Robert Samuelson: Ghosts That Still Haunt GM

Robert Samuelson acknowledges that labor costs at GM have been high. But he believes the source of GM's troubles is poor management:

Ghosts That Still Haunt GM, by Robert J. Samuelson, Washington Post: ...General Motors ... recently announced it would close 12 facilities and cut 30,000 jobs by 2008. Granted, GM is burdened with costly labor contracts and huge numbers of retirees... But GM also inherits a self-defeating management style formed during its glory days. It presumed that superior managers could always anticipate and control change. By contrast, many top managers in younger companies accept that they will face disruptive surprises that could, unless successfully countered, destroy them. The difference has consistently disadvantaged GM. Its latest downsizing is the company's third since the early 1980s. With each, GM has struggled to catch up with changes that it badly misjudged -- the demand for smaller cars in the late 1970s; the superior quality and production techniques of Japanese manufacturers in the 1980s; and now the demand for snazzier cars and ... better fuel efficiency. ...
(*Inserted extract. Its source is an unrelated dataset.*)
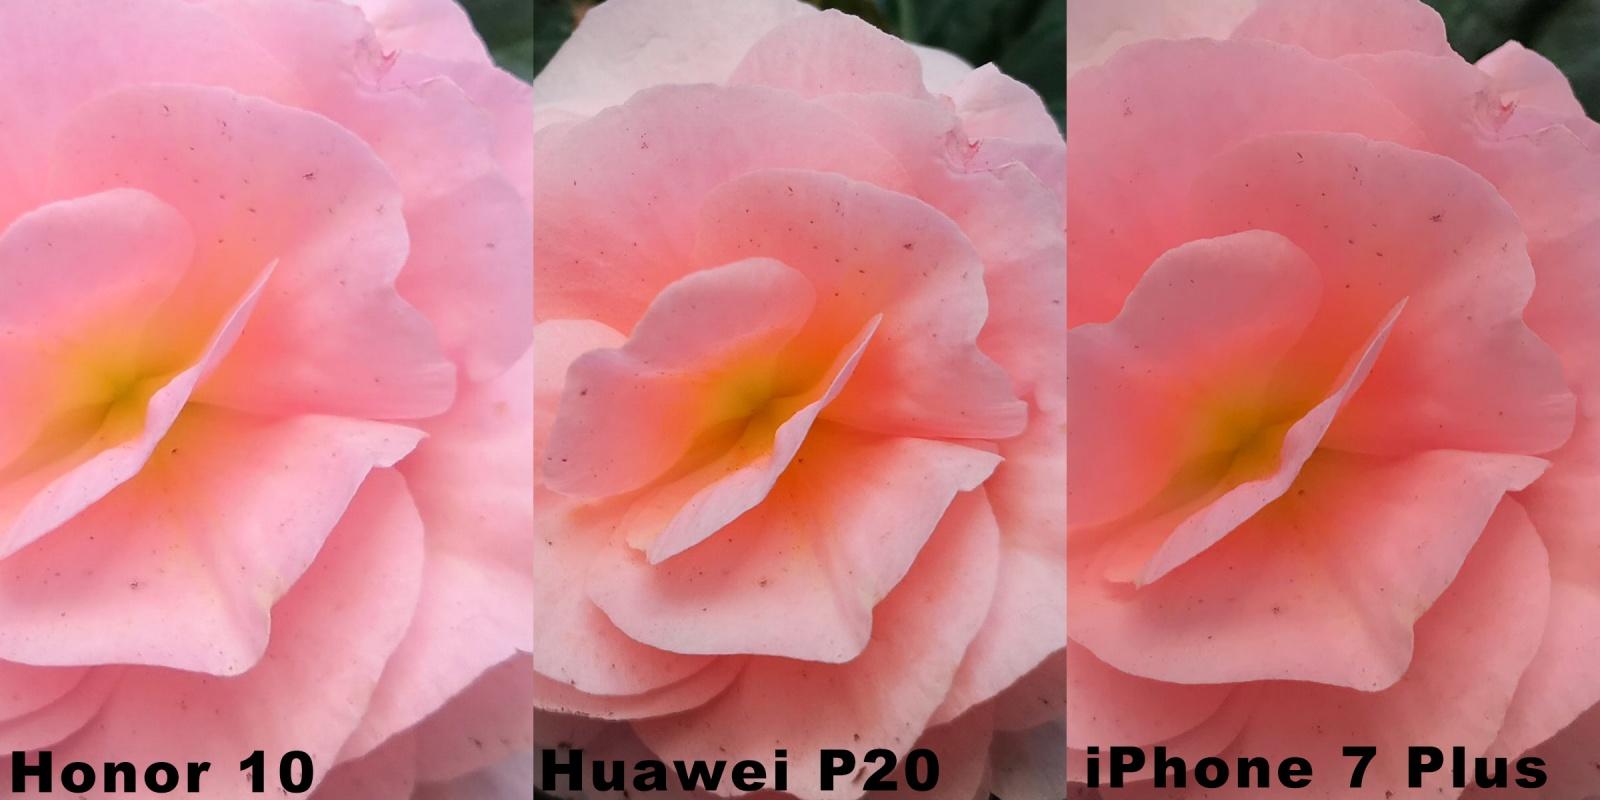 Как фотографирует новый Honor 10. Сравниваем с Huawei P20 и iPhone 7 Plus - 20

Alfred P. Sloan Jr.... was GM's chief executive from 1923 to 1946 ... In 1921 Ford had 60 percent of U.S. car sales. GM overtook Ford because "the old master [Henry Ford] had failed to master change," Sloan wrote. Ford stuck too long with the Model T ... even as the car market shifted. ... Aside from fighting Ford, Sloan had to fashion a huge industrial enterprise that would not collapse under the weight of its own complexity. ... Sloan solved this problem by decentralizing operations ... among separate divisions while centralizing policy matters ... at the top. ... Unfortunately at GM, it ... fostered overconfidence and inertia. "Management" became an exercise in ensuring stability. GM's market power made it less sensitive to cost increases, especially labor costs, because these could usually be recovered in higher prices. ... But that is only half the problem. The other half is that GM does not have the vehicles that command good prices. To move in volume, they require steep discounts. This is a management failing that can't be blamed on unions or retirees, and it's now compounded by the impact of high gasoline prices on SUV sales. Within GM, there are pockets of vitality. ... But too often, GM's deliberate management style has produced mediocre vehicles that fare poorly in today's hyper-competitive market. Since its peak, GM's market share has fallen by half. ...

Sloan shrewdly foresaw that too much success could be fatal. It might dull "the urge for competitive survival," which is "the strongest of all economic incentives." Companies might fail "to recognize advancing technology or altered consumer needs." Avoiding these traps, he said, was GM's challenge. There is now talk that GM could go bankrupt. Although that isn't inevitable, even the talk measures how poorly GM met the challenge.

    Posted by on Wednesday, November 30, 2005 at 12:24 AM in Economics | Permalink  TrackBack (2)  Comments (11)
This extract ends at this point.